For our latest installment of Curious Louisville, WFPL listener Ben Taylor came to us with this inquiry:
“Why is Louisville located at this particular point on the Ohio River instead of somewhere else?”
The answer lies mostly in the river — and the Falls of the Ohio.
At the Portland Museum just west of downtown Louisville, Teresa Lee took me on a topographical tour of the Falls of the Ohio, past and present.
Lee is the museum’s education and visitor services coordinator.
For early navigators, the prehistoric rock ledge formations and rapids that once interrupted the flow of much of the Ohio River near Portland were an impediment. But they were integral to the development of Louisville.
Lee said prior to construction and expansion of the Portland Canal in the 1800s and -- much later -- the McAlpine Locks and Dam, navigating the falls was dangerous work for pilots of Ohio River vessels.
“You had to make a decision. There were times of year you had to stop and get out of the river and walk around," she said. "So you’ve got Louisville on one end of the falls and Portland on the lower end."
And becoming a stopping point for travelers was a recipe for growth. Over half a century, Louisville expanded from a modest settlement established by George Rogers Clark in the late 1700s into a full-fledged commercial center.
“John James Audubon, in the 1840s, he called it an overgrown city, so even by 1840 people were complaining about urban sprawl and things like that,” Lee said.

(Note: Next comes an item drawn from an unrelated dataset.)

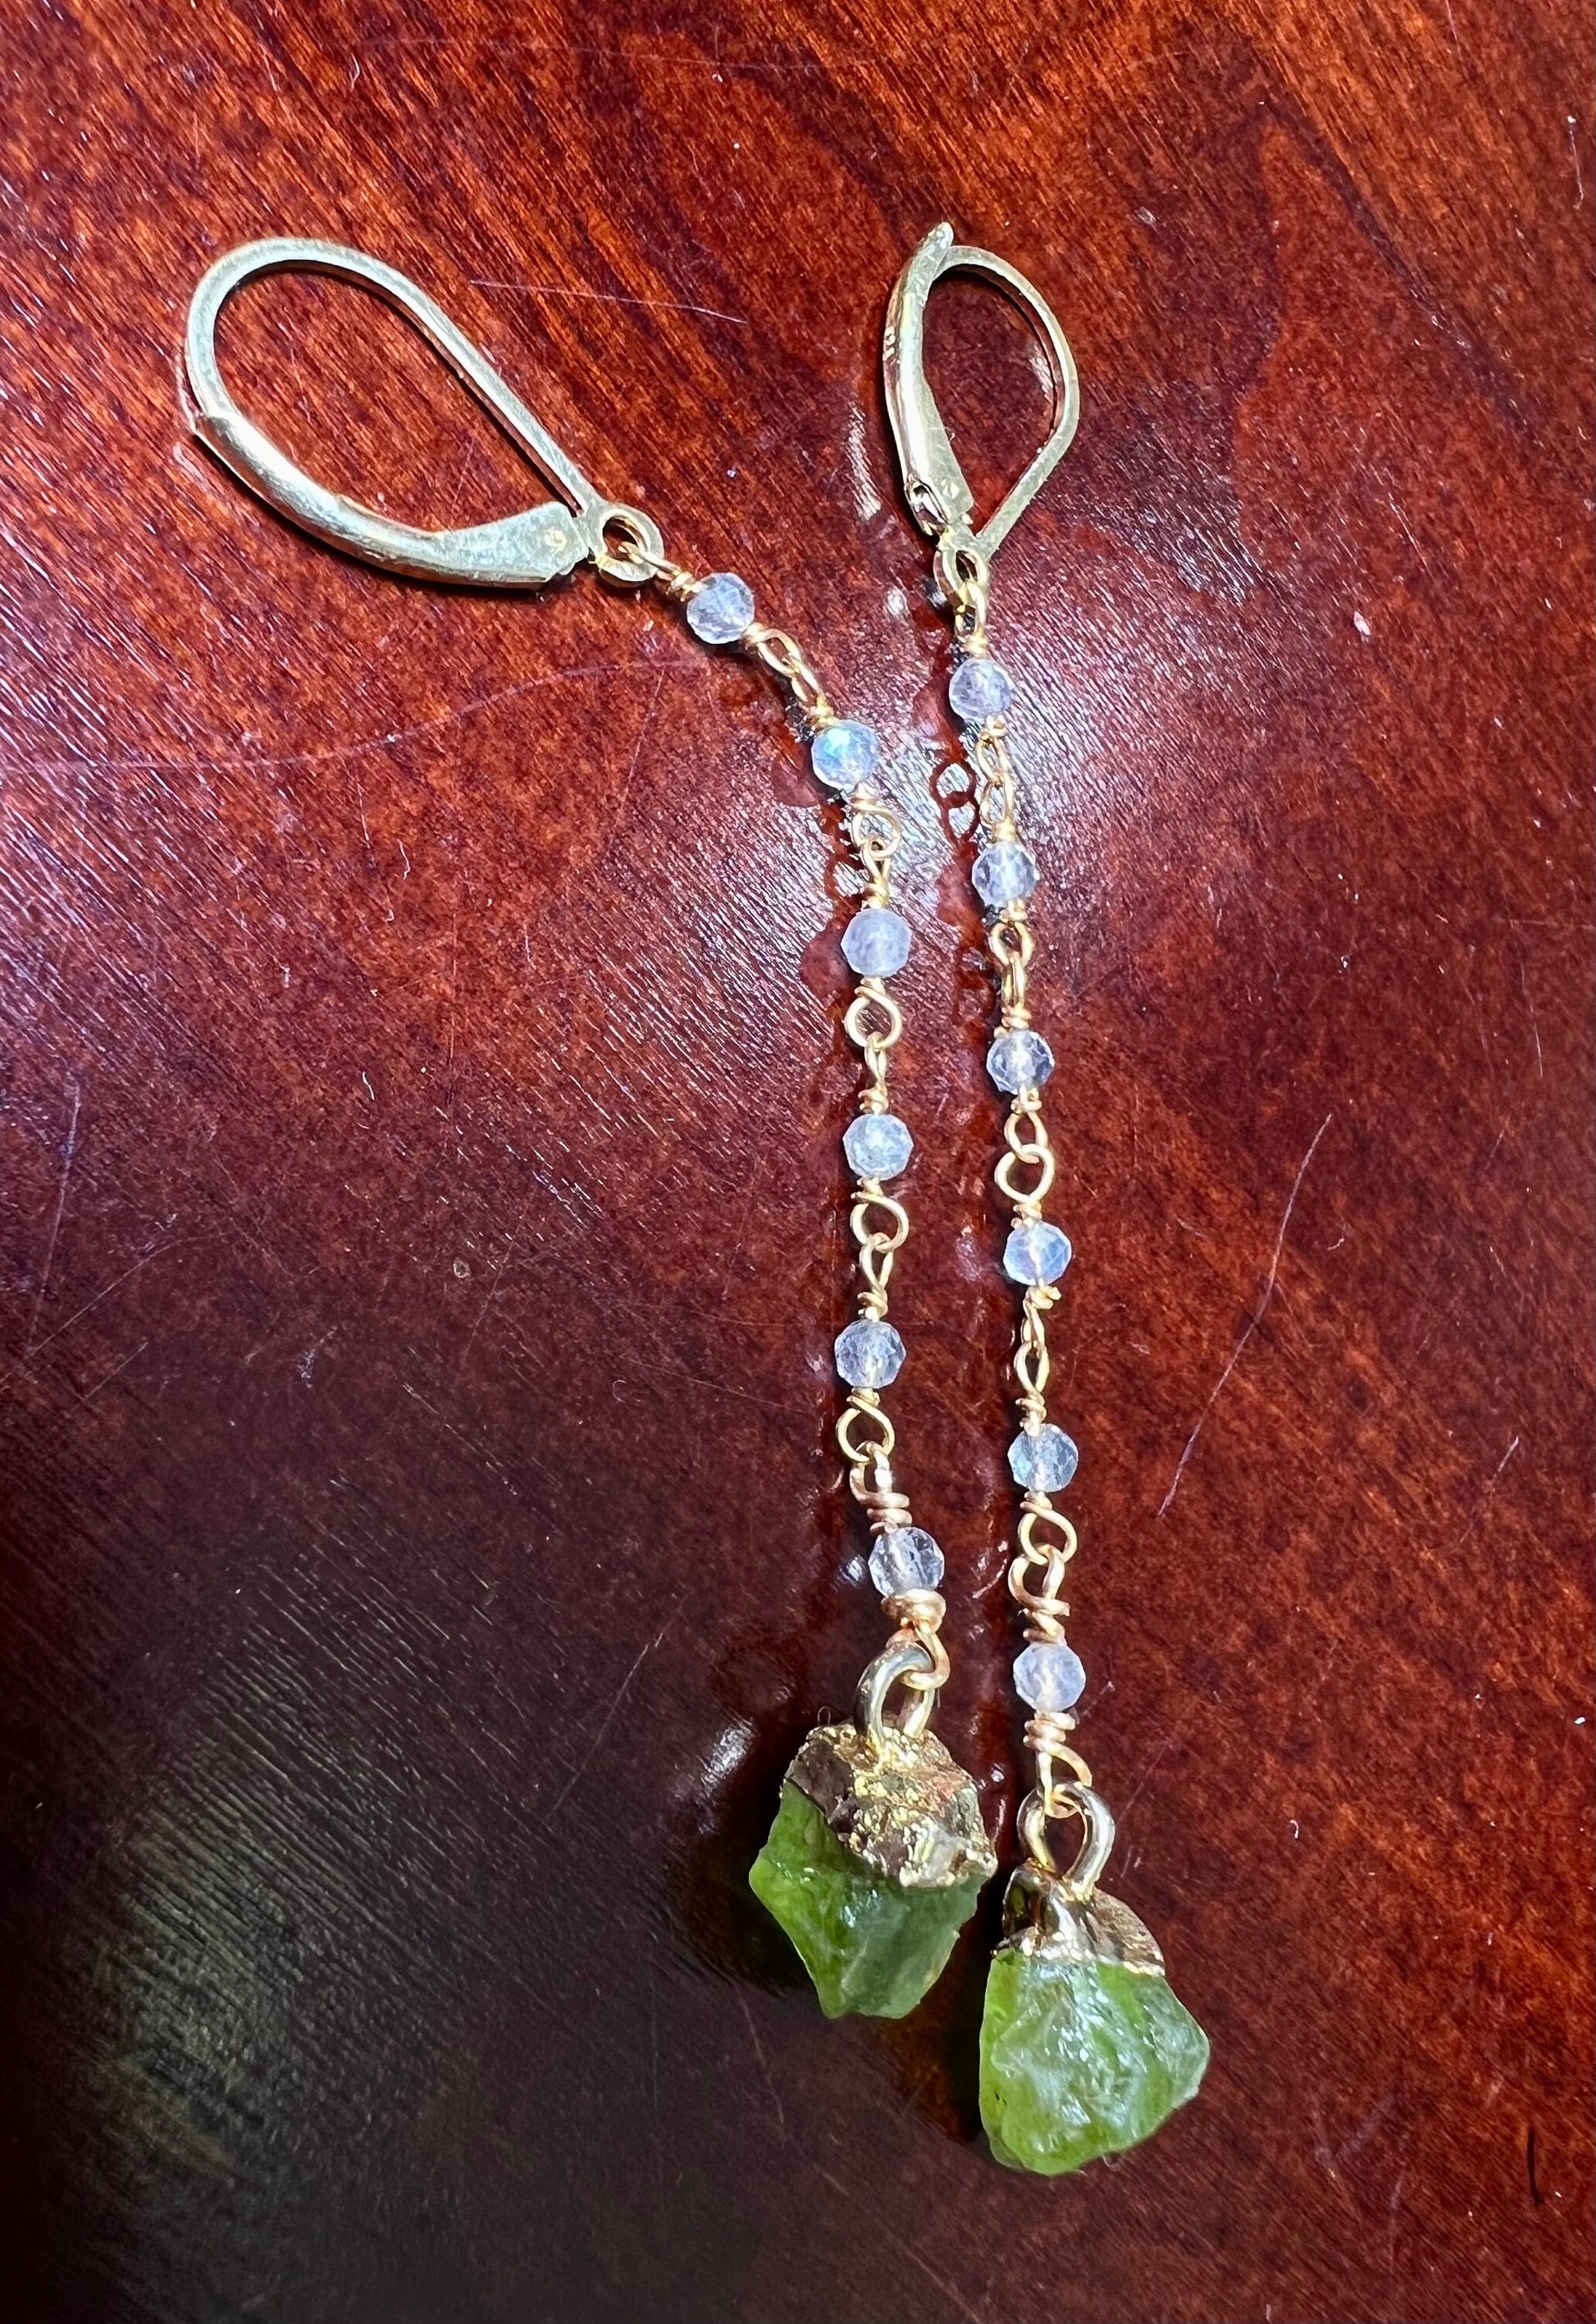 Raw Peridot 8mm dangling with labradorite faceted wire wrapped chain ,Long Earrings, 22k gold vermeil Gifts raw healing crystal

Louisville became a bustling place for shipping, manufacturing and other business, including -- infamously -- the slave trade.
And Lee said the site that would become Louisville appeared destined to be a significant location. The falls was already a strategic point long before European settlers got here, part of a vast Native American trading network.
“No matter what time period you’re looking at, whoever controls the falls controls the flow of resources through this area," said Lee. "Kentucky in general is geographically this transition zone between north and south and east and west.”
That centrality was also key to Louisville’s development.
The Ohio River has been altered over generations to accommodate commerce and safety, and remains part of the city’s lifeblood.
“We’ve modified the river considerably," said Lee. "It’s on average about five to seven feet wider and deeper than it used to be through damming upstream and dredging and things like that."
The Falls of the Ohio has been tamed, and today, boats and barges routinely pass through the locks.
People can still explore what remains of the Falls of the Ohio. A conservation area, fossil beds and an interpretive center are on the banks of the river at Clarksville, Indiana.